**SUPPLIED RECORDS**
______

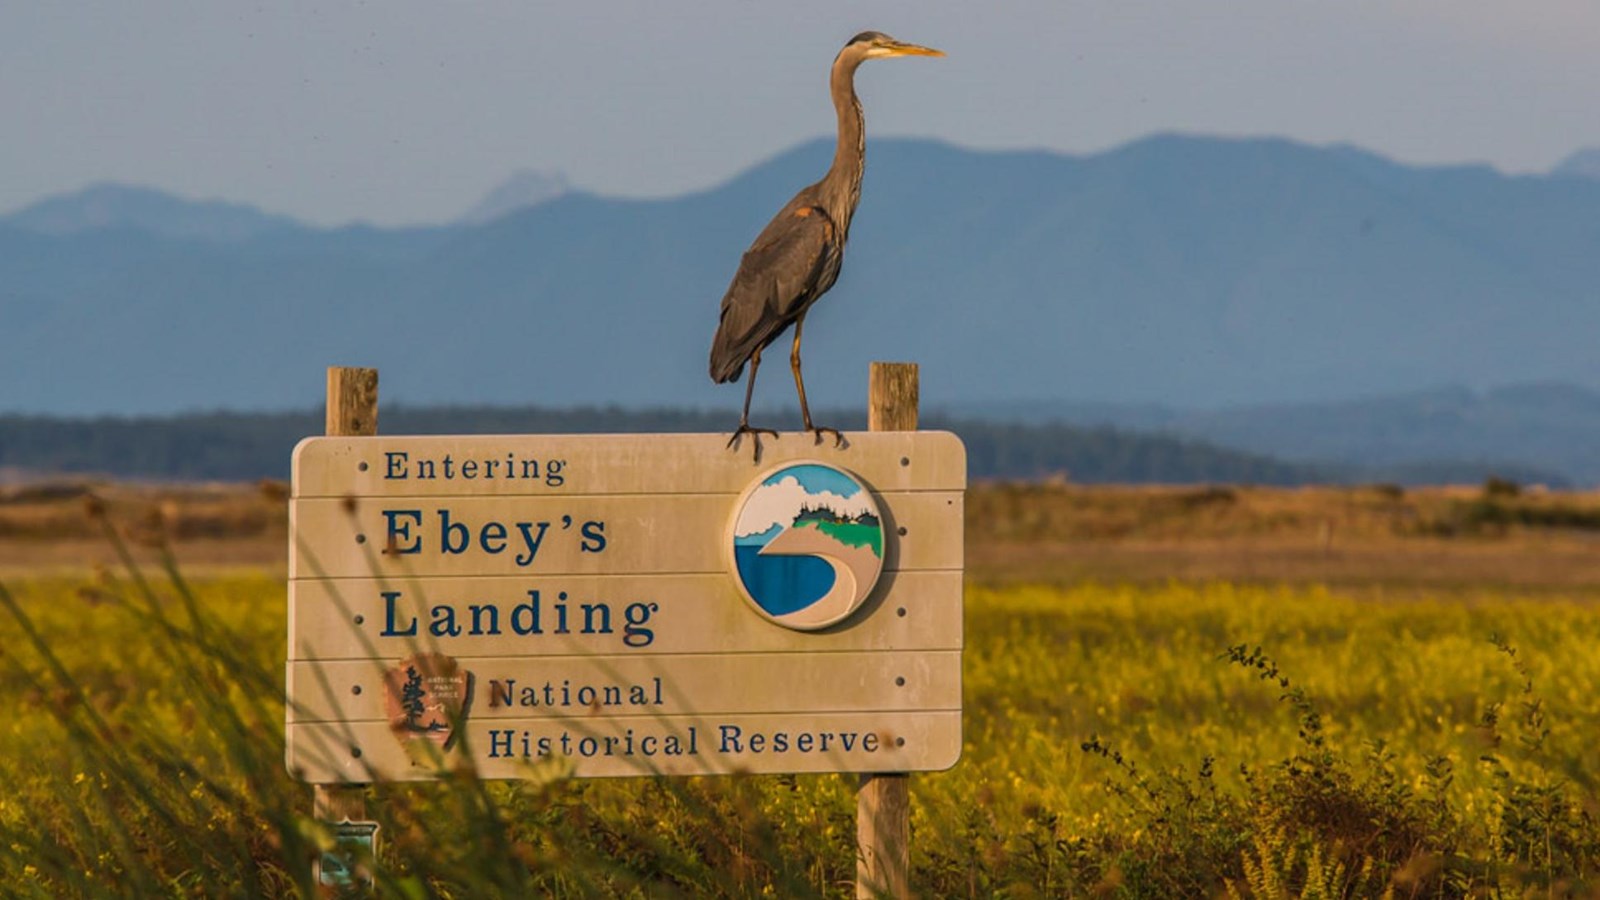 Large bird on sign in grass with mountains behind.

______

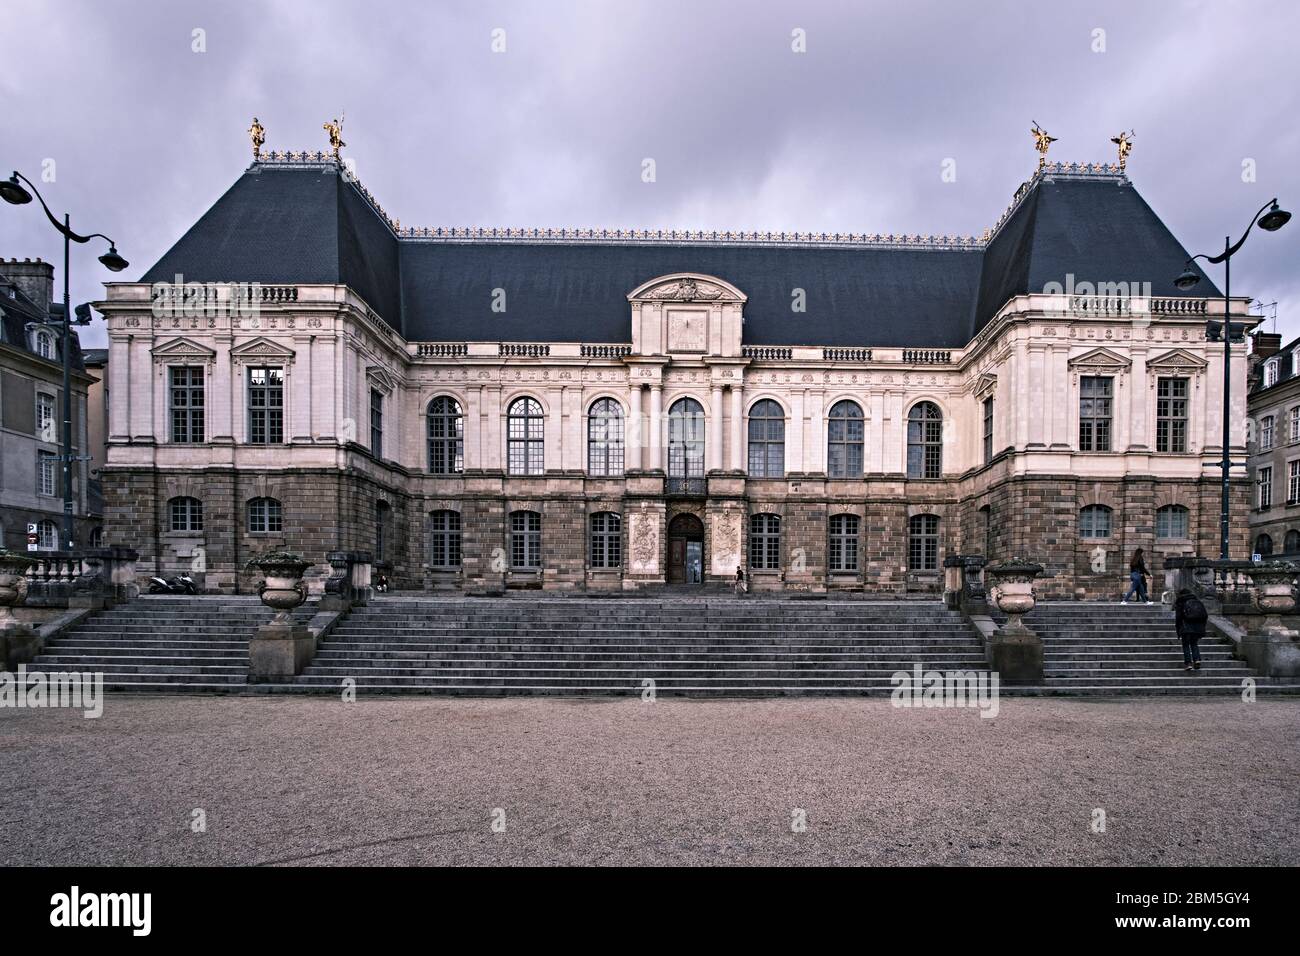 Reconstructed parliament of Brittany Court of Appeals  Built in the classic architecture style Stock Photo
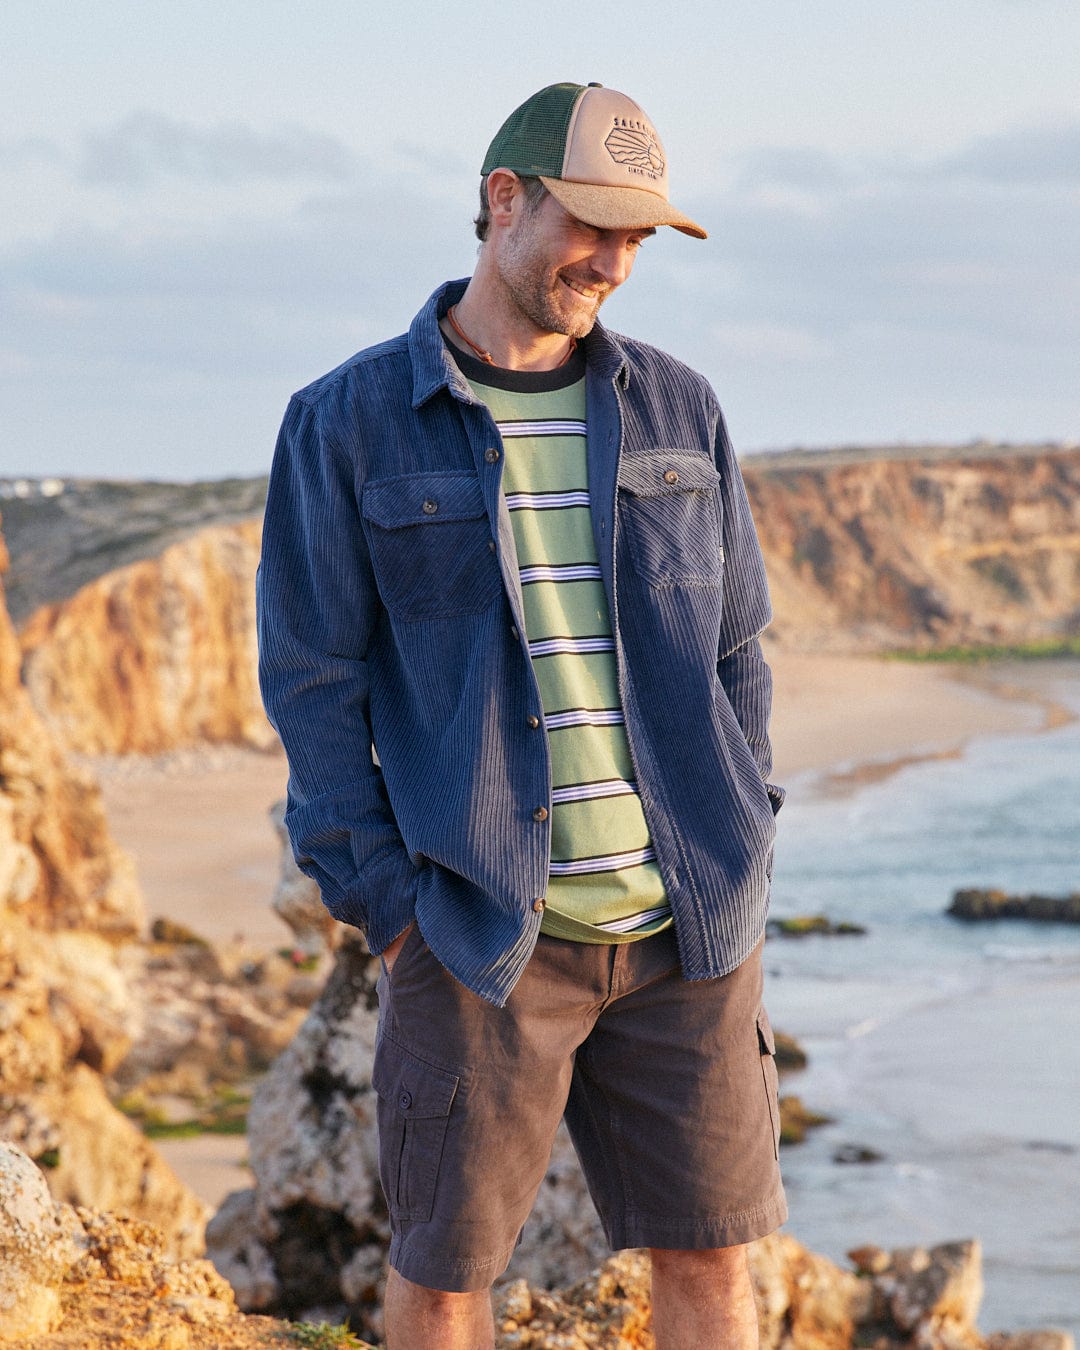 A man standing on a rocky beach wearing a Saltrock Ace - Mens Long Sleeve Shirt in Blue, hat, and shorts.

______

**WHAT YOU SHOULD DO**
Give again the lines of the listing above that run from the one with "Reconstructed parliament of" up to and including the one with "A man standing". Keep them exact and omit the pictures.

**EXERCISE RESULT**
 Reconstructed parliament of Brittany Court of Appeals  Built in the classic architecture style Stock Photo
 A man standing on a rocky beach wearing a Saltrock Ace - Mens Long Sleeve Shirt in Blue, hat, and shorts.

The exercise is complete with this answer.